Analytics can be used to optimize your menu offering, helping restaurants deliver incredible results in the short term. It can help detect and delete items on the menu that are slow-moving, thus optimizing it.

However, one must remember there’s no single method that can be used for menu analysis. Cost-Margin Analysis, for example, pinpoints items that are low in food cost, and return a higher than average gross profit. But this method is seen to work well for restaurants in highly competitive, price-sensitive markets.

A QSR aims to turn around their customers quickly, without keeping them waiting. It needs to monitor its drive-through lanes to determine which items to display on its digital menu board. When the vehicle queues are longer, the menu must feature items that can be prepared quickly. When shorter, the menu features higher-margin items that may take a bit longer to prepare. But all this is possible only if the fast-food service’s ability to get data in real-time.

QSR analytics, thus, can help managements identify low-margin items with a high order to delivery time. They can then filter the low-demand ones from the list and optimize the menu accordingly.

Footfall counting: Restaurants can deploy a machine to count the number of people walking in and out, and measure it against table occupancy, time is taken to serve a customer, and so on.

Restaurants can use product analytics to identify which items are selling more and less. This helps improve kitchen efficiency because every product comes attached with a cost. If restaurants can track their fast-moving items vis a vis at the slow ones, it can lead to better inventory management, and they can significantly reduce margins on buying.
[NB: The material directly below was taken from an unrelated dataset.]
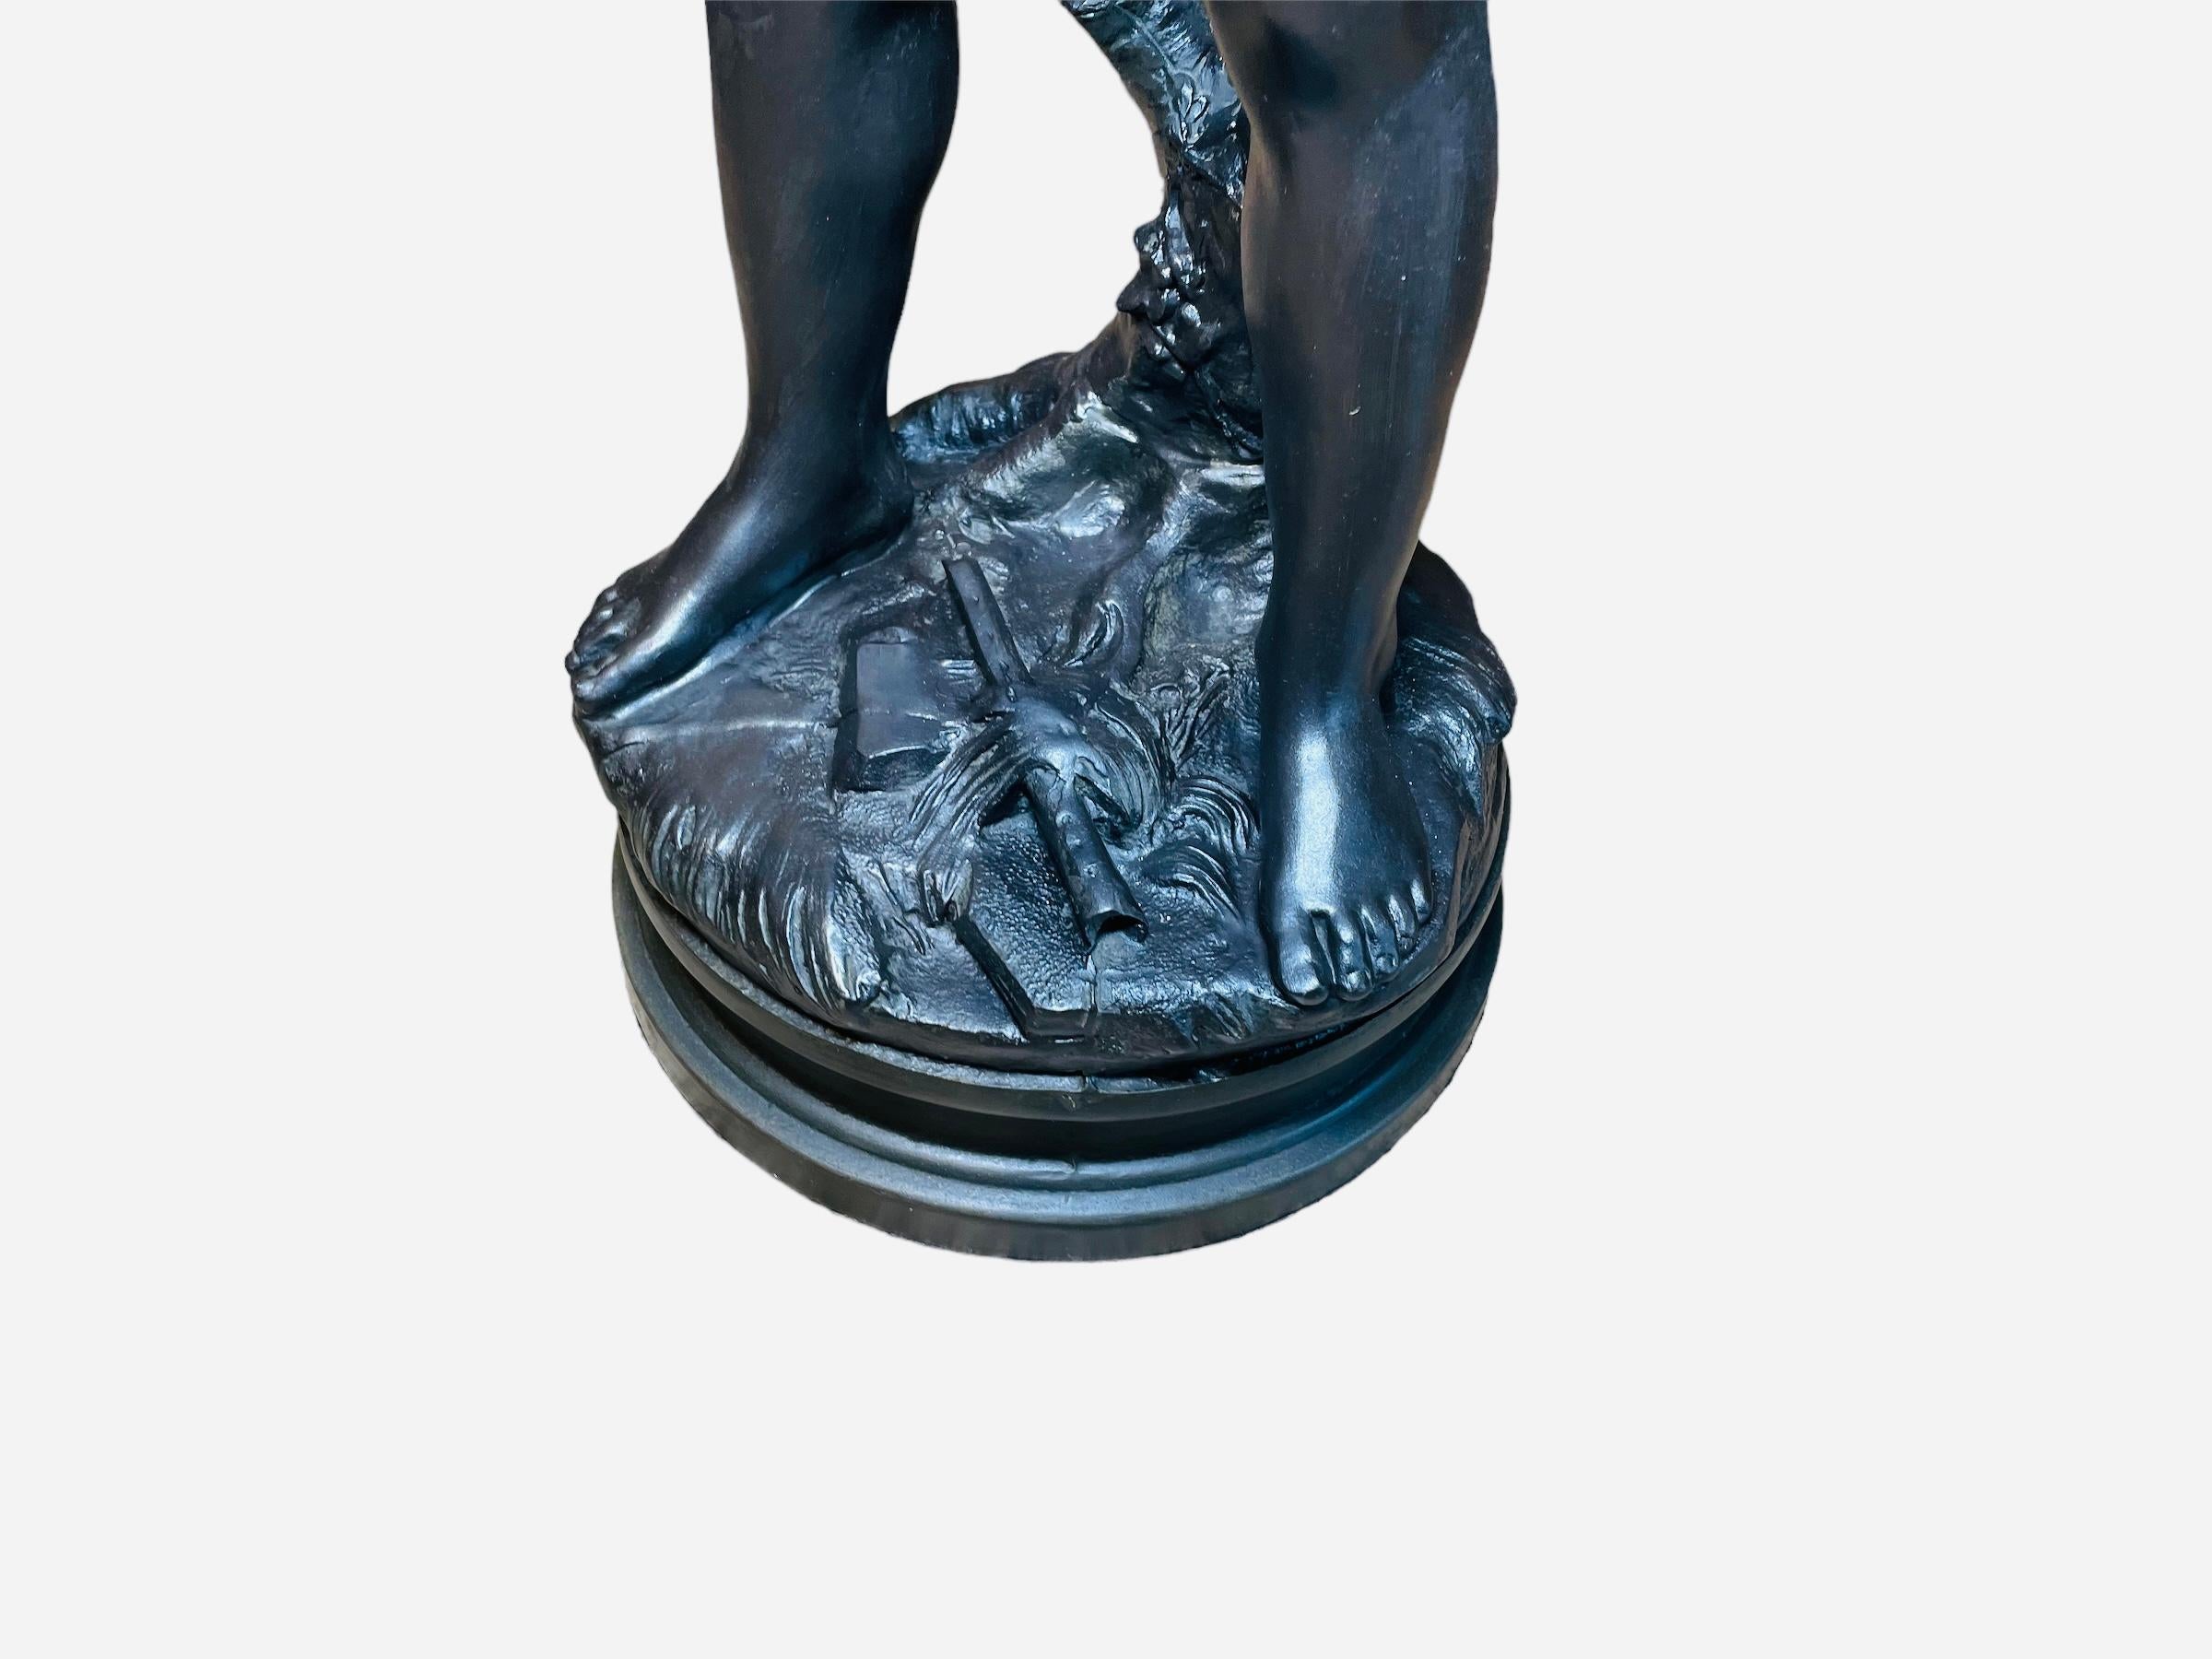 Molded Auguste Moreau “Charmeur” Patinated Metal Sculpture Lamp

In addition to all the forms of analysis that can help restaurants, there’s one more called Guest Analytics. This form involves customer segmentation and the creation of personas. Solutions offer a single CRM for analytics and guest engagement.

Before signing out, let’s not forget that there are many data points in a restaurant, leading to an incredibly rich array of data. Restaurants including QSRs can and must leverage this to their advantage.

This is the last part of this series of blog posts.